Cold air flow figure Frost pocket figure
Left, Cold, dense air flows downhill collecting in frost pockets. Right, Large domes of cold air can form above elevated plains causing extensive damage.

If there is a breeze or clouds, the conditions are not right for a radiation freeze. A wind will mix the colder air close to the ground with warmer air and help warm the ground below. Clouds are even more helpful since they will absorb the heat radiated to the sky and radiate it back down to the ground, warming the ground.

Breezy night figure Cloudy night figure
Left, Winds mix the air, warming the surface during the night. Right, Clouds help trap the heat, keeping the soil warm.

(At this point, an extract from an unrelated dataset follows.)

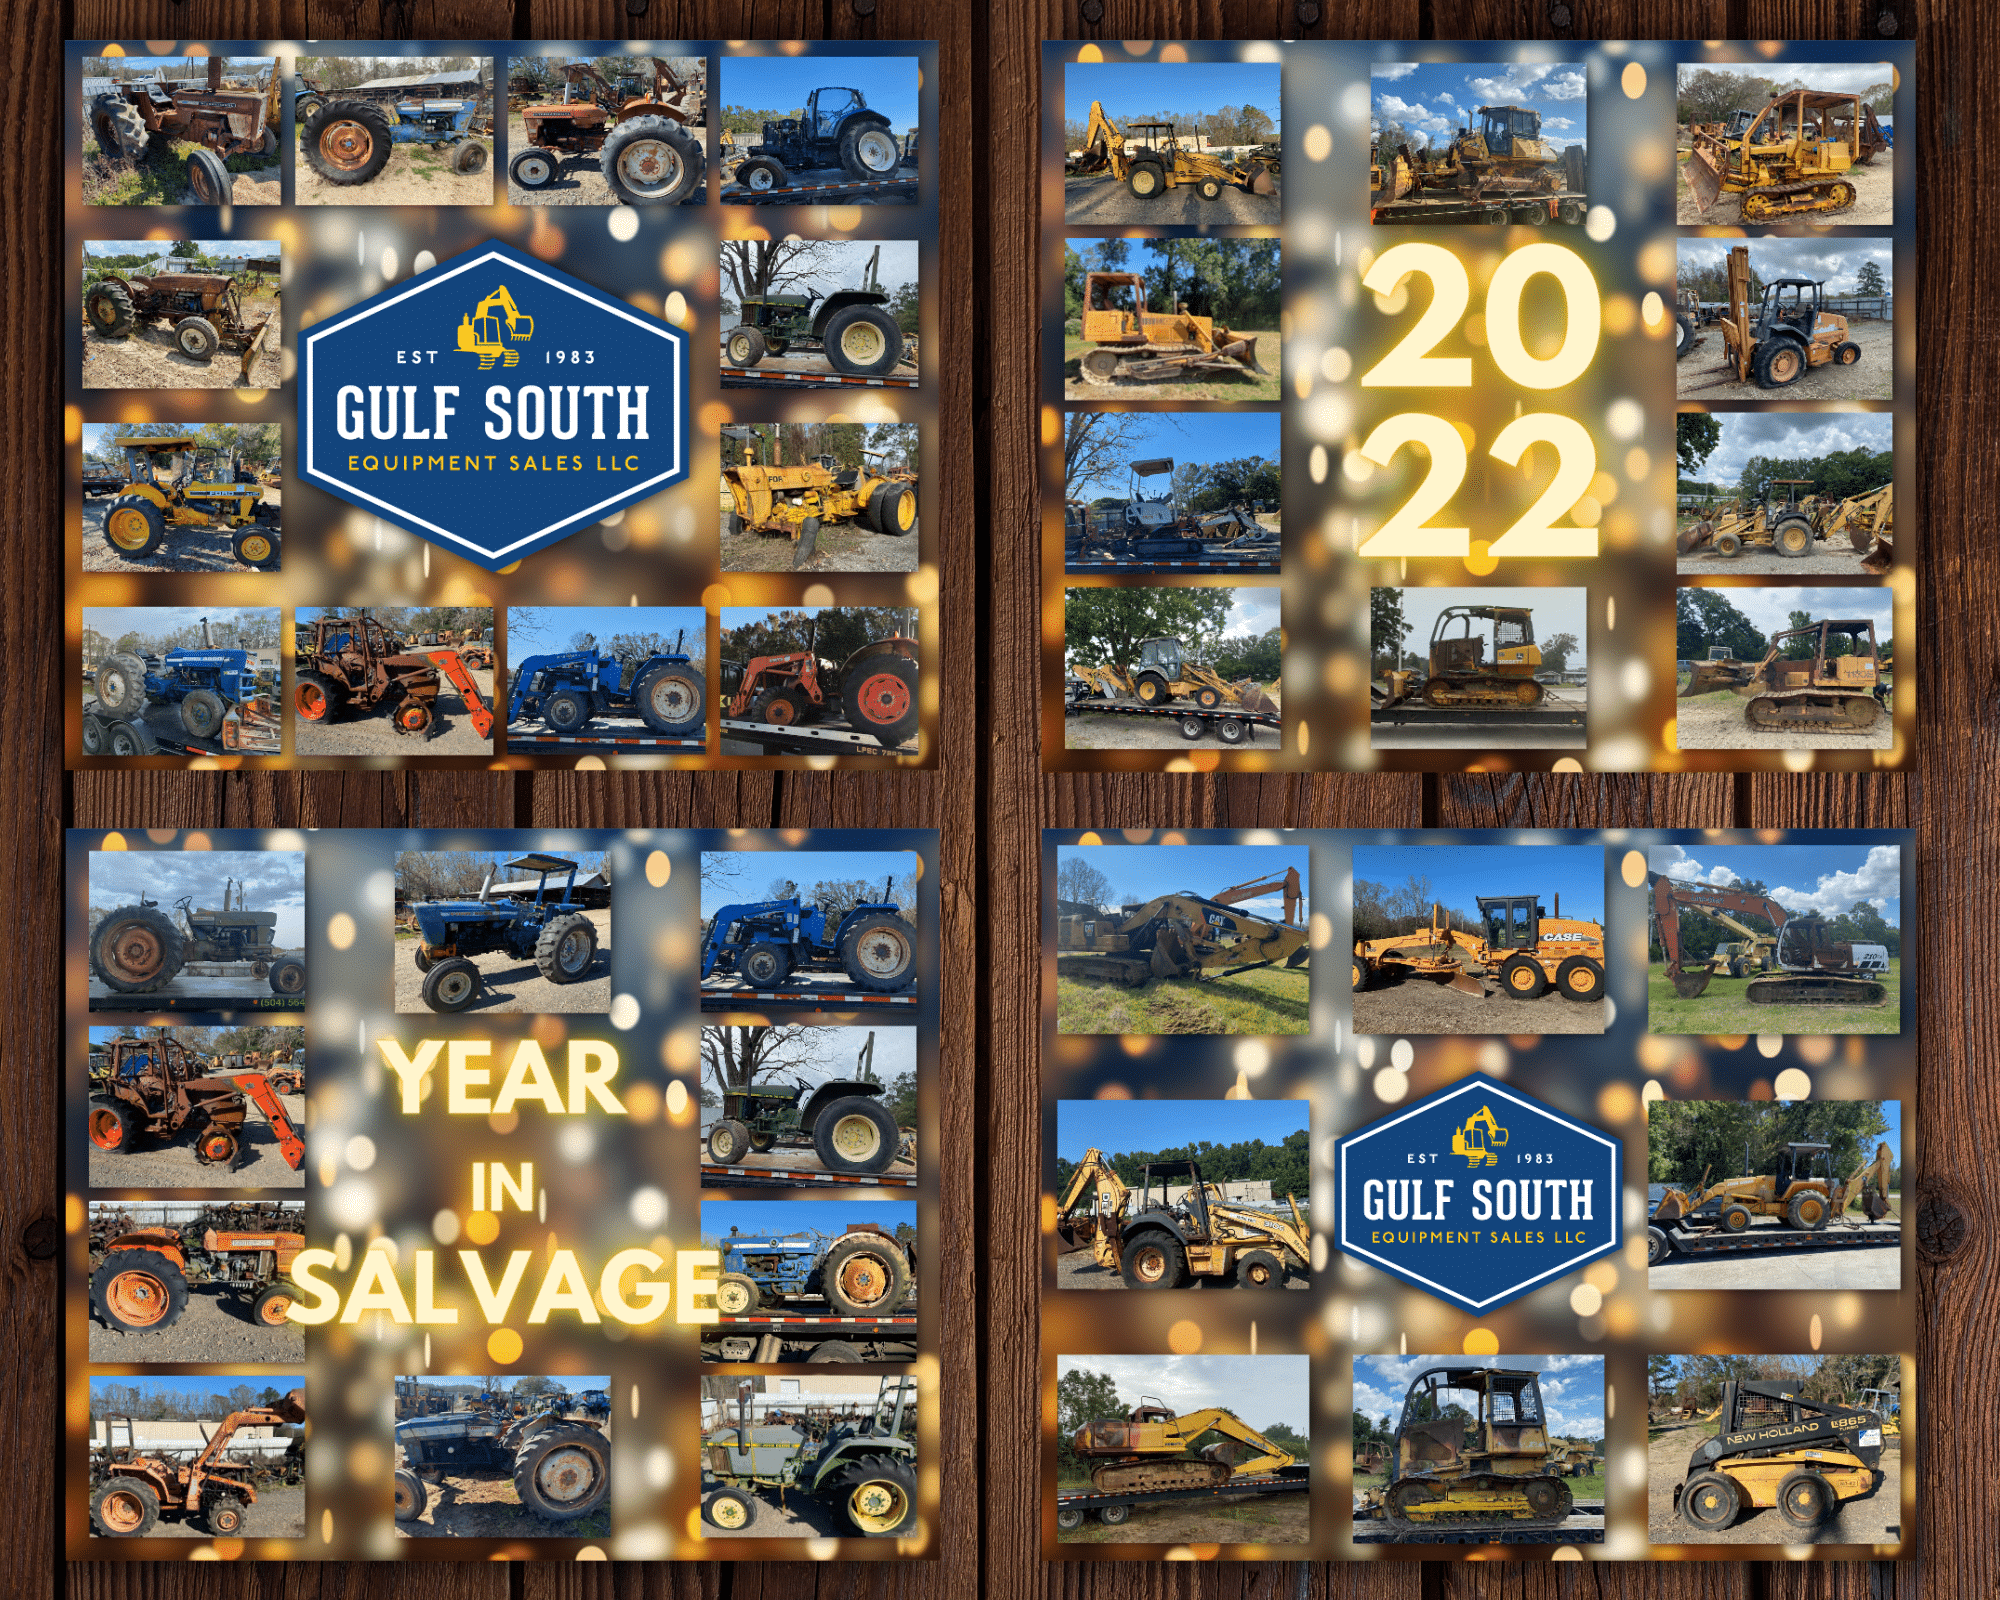 Gulf South Equipment Sales 2022 Year In Salvage

Radiation freezes can be very severe in the winter. When the ground is covered with snow, most of the sun’s heat is reflected immediately back to space and there is very little warming during the day. Cold day polar air can drop to very cold temperatures. Extreme winter cold in 2014 and 2015 with low temperatures down to -20 degrees Fahrenheit were due to radiation freezes during the night in cold dry air.

Michigan State University’s Enviro-weather is a powerful tool provided to growers and other interested in Michigan weather. I use it a lot in the spring and winter to look at frosts and freezing temperatures. By looking at the hours below freezing link on the station page, I can see how low the temperatures have been in southwest Michigan and where the low temperatures are. Often the lowest temperatures occur in the lowest areas in the region where cold air collects during a radiation freeze.

Southwest Michigan temperatures
Enviro-weather report for southwest Michigan on April 11, 2012. On this night, most fruit crops had already bloomed and would be damaged by temperatures below 28 F. Note the temperatures at the high elevations of SWMREC, Keeler and Lawton and compare with low points at Grand Junction and Teapot Dome. (Dowagiac station was activated in 2014).